* **Given data**
§ §

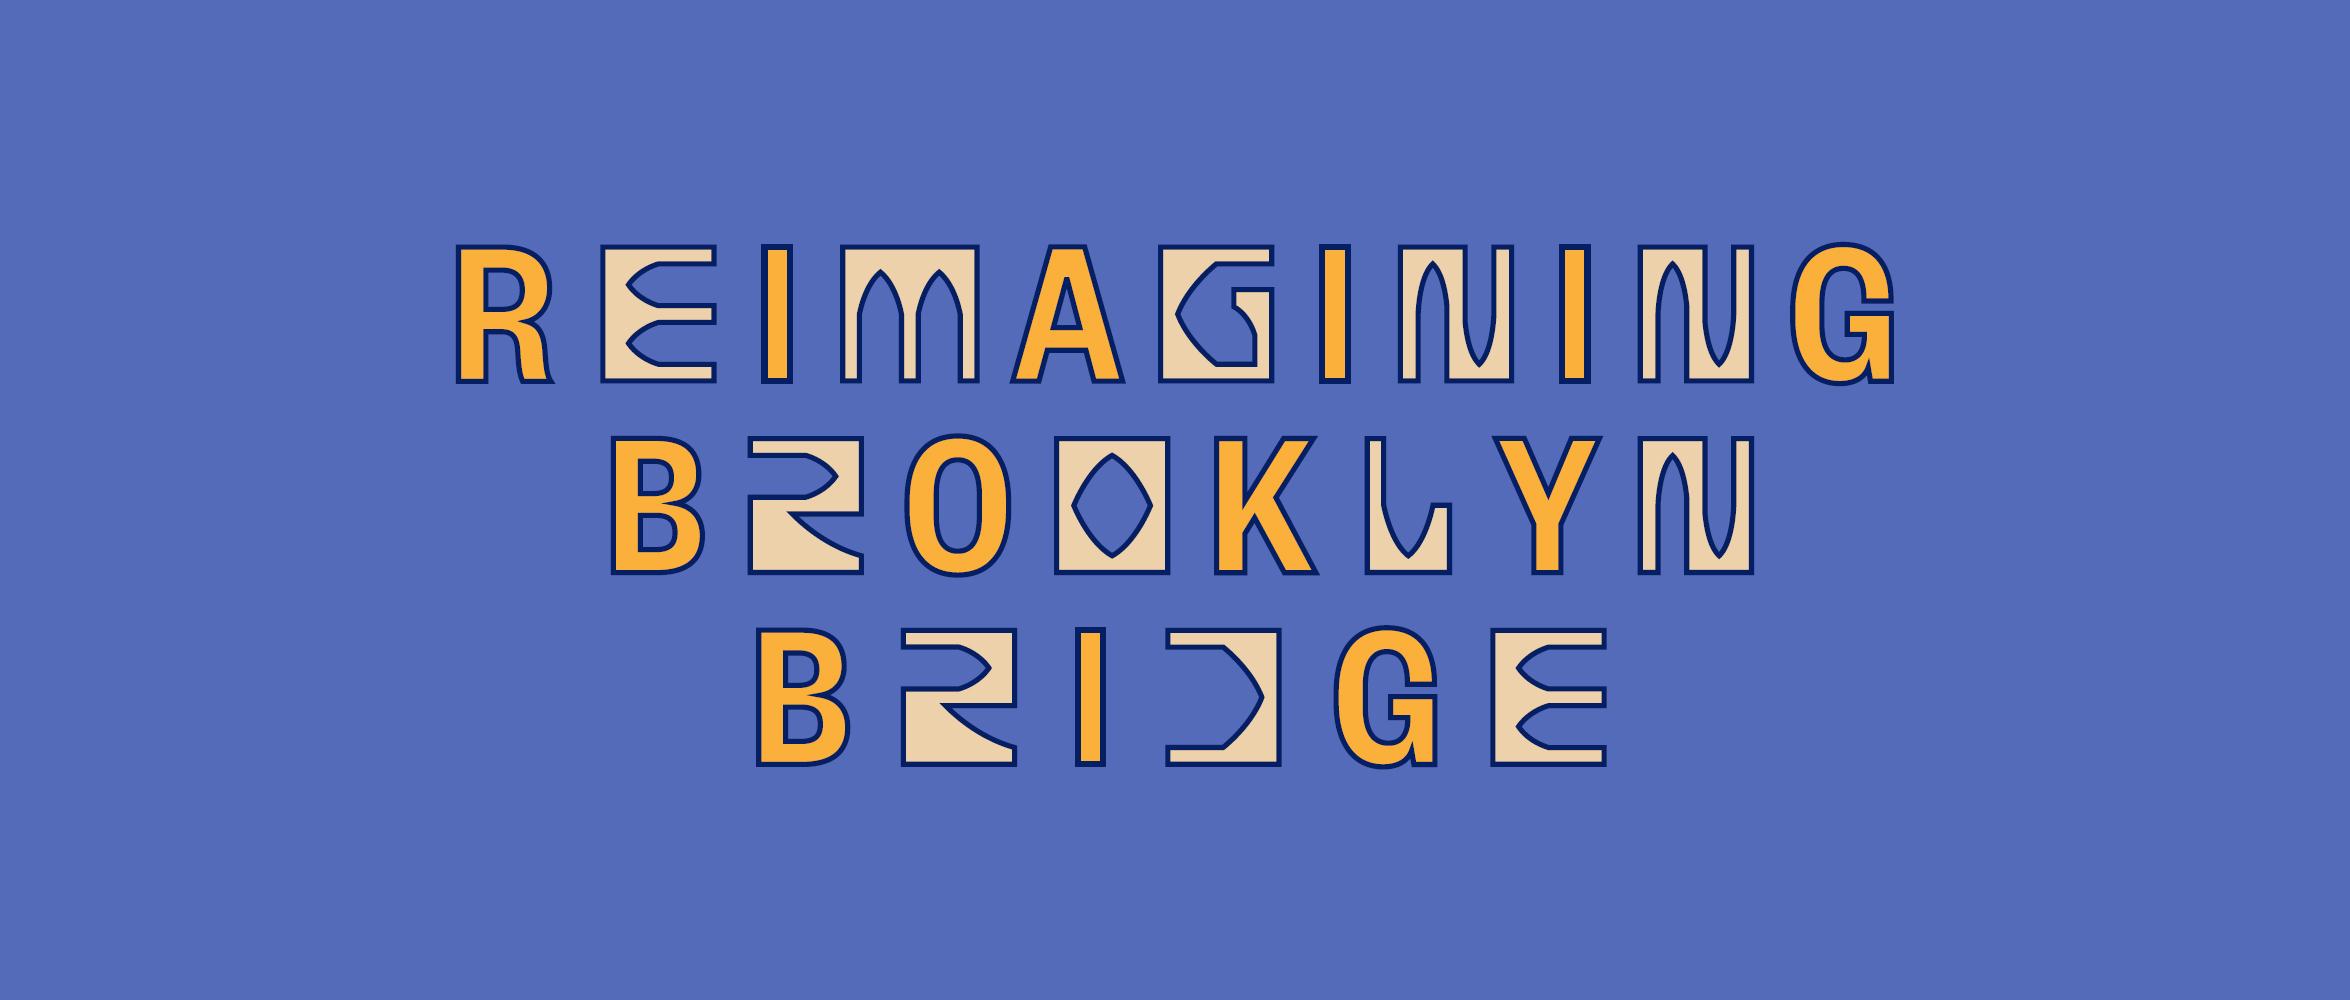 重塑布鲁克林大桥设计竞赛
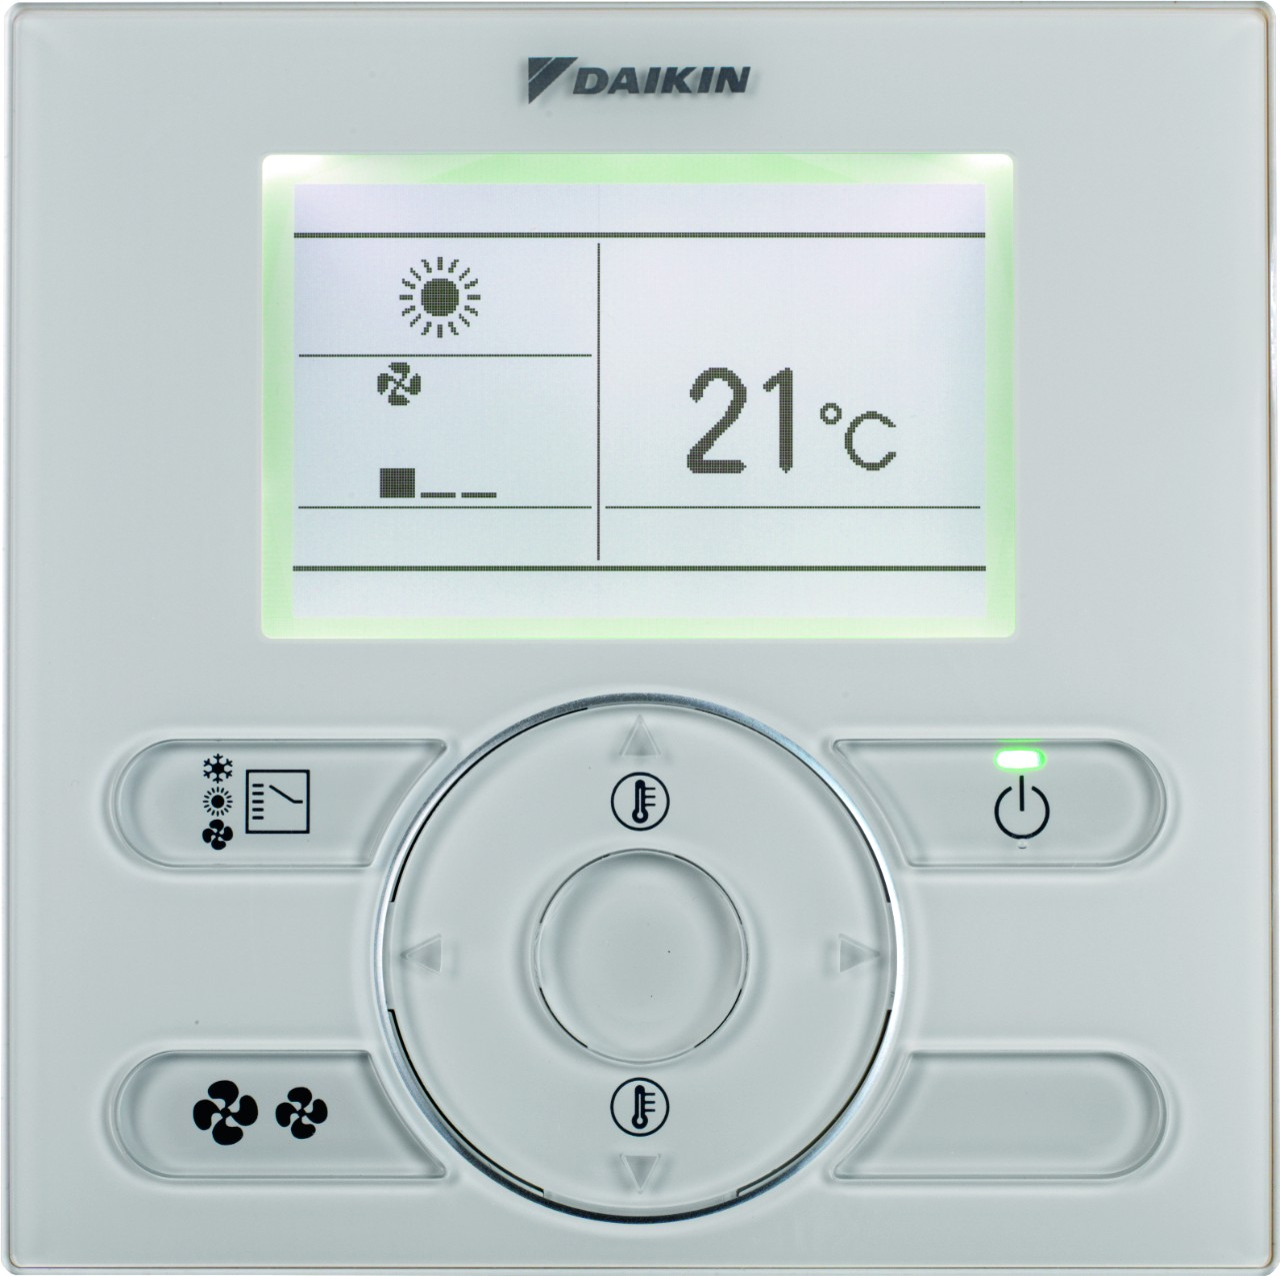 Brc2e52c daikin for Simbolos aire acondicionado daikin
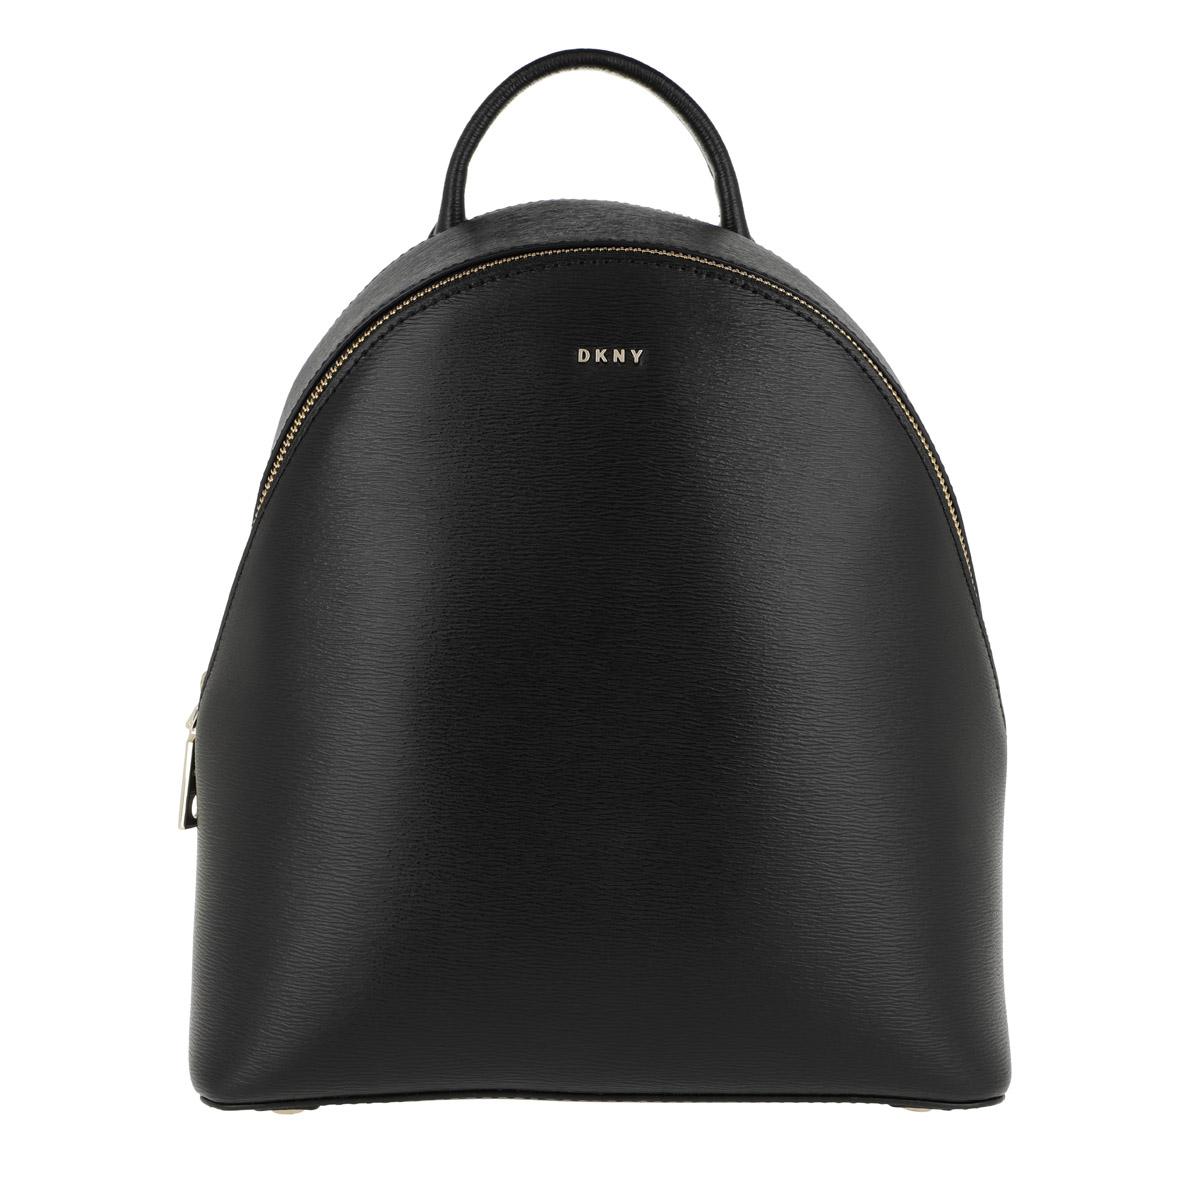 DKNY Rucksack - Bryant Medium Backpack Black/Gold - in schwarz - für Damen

§ §

* **To do**
The expected output is the full material above, word for word, without pictures.

* **Finished task**
 重塑布鲁克林大桥设计竞赛
 Brc2e52c daikin for Simbolos aire acondicionado daikin
 DKNY Rucksack - Bryant Medium Backpack Black/Gold - in schwarz - für Damen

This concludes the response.